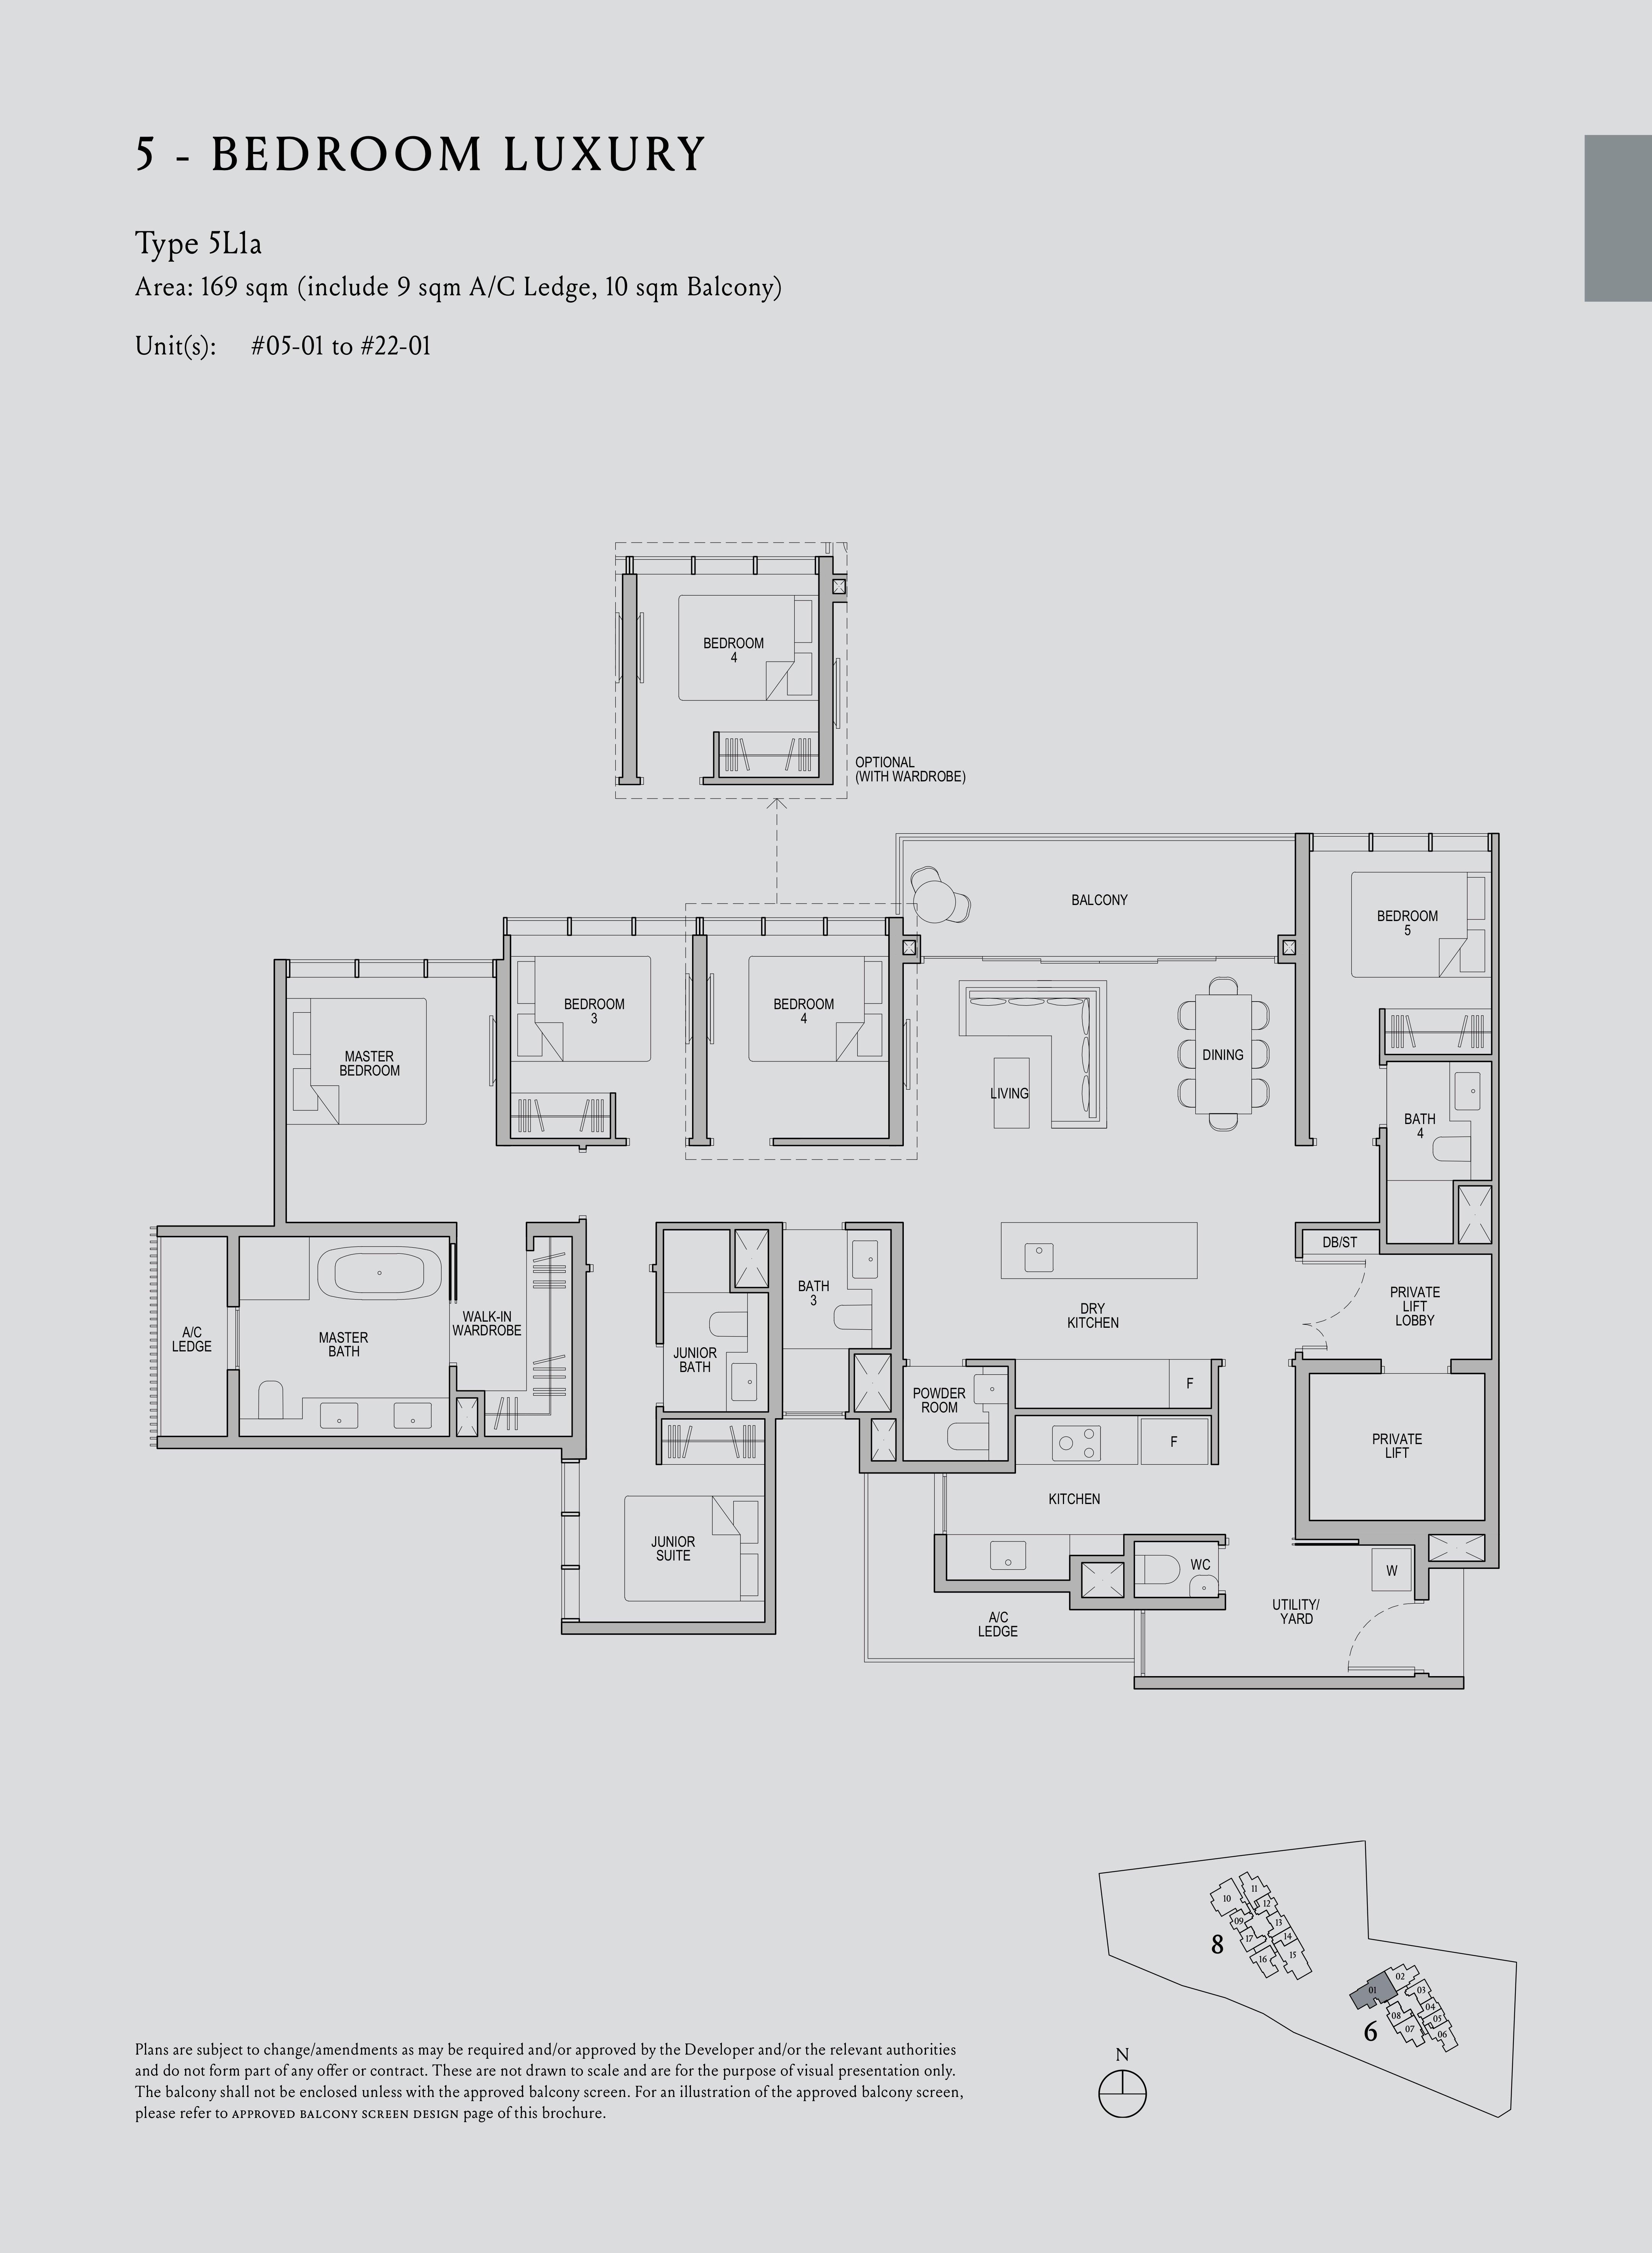 Kopar At Newton 纽顿铜源 5-bedroom deluxe 5L1a floor plan
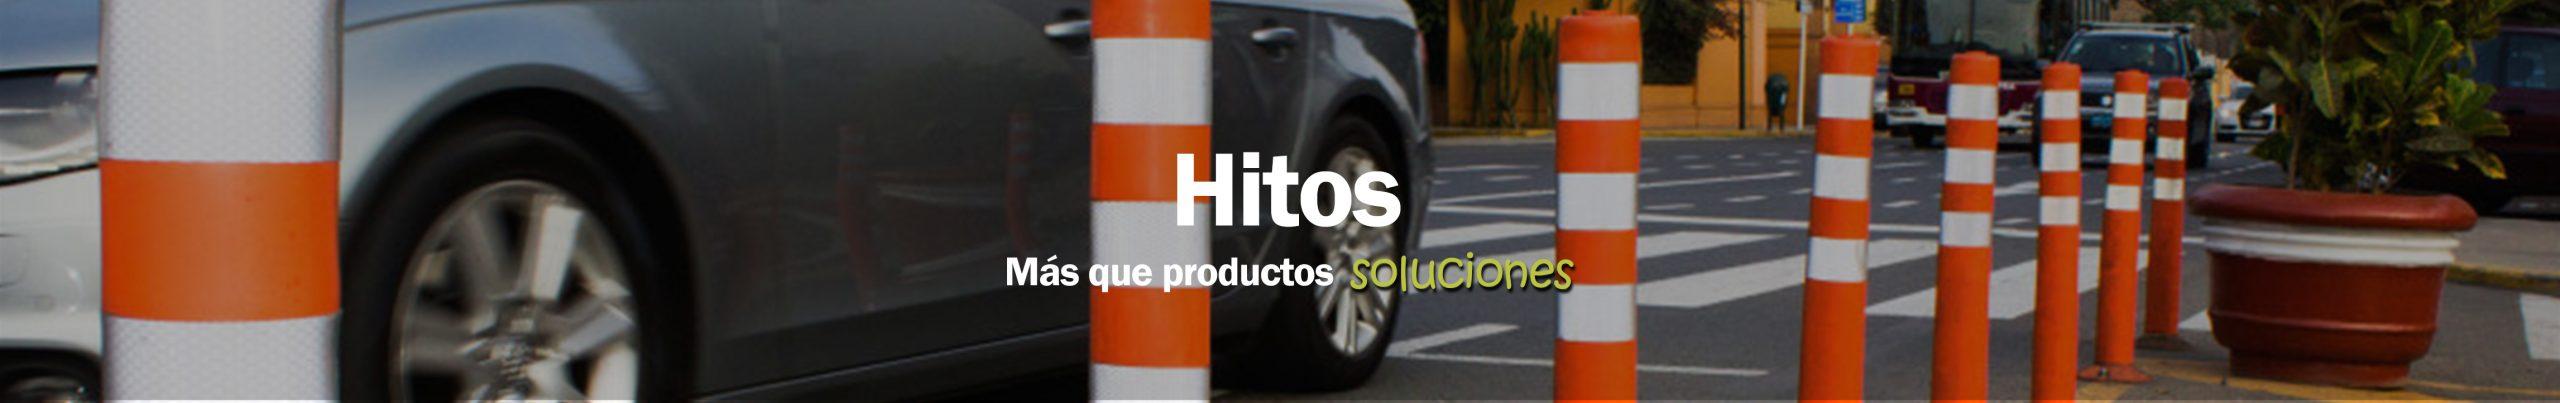 Hitos1
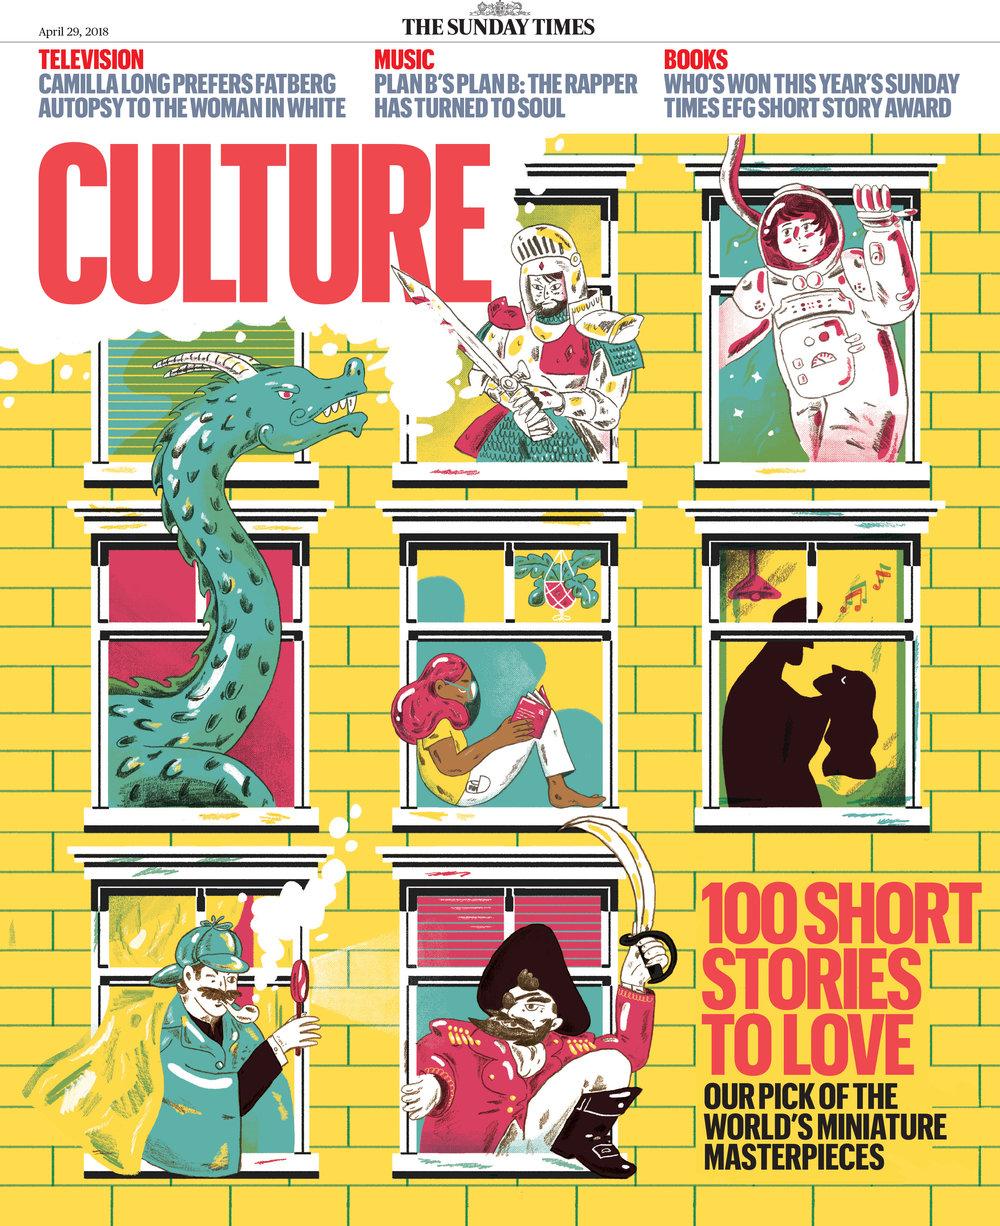 CULTURE COVER FINAL .jpg

= = = =

Repeat all the material exactly, but keep pictures out of the copy.

 Kopar At Newton 纽顿铜源 5-bedroom deluxe 5L1a floor plan
 Hitos1
 CULTURE COVER FINAL .jpg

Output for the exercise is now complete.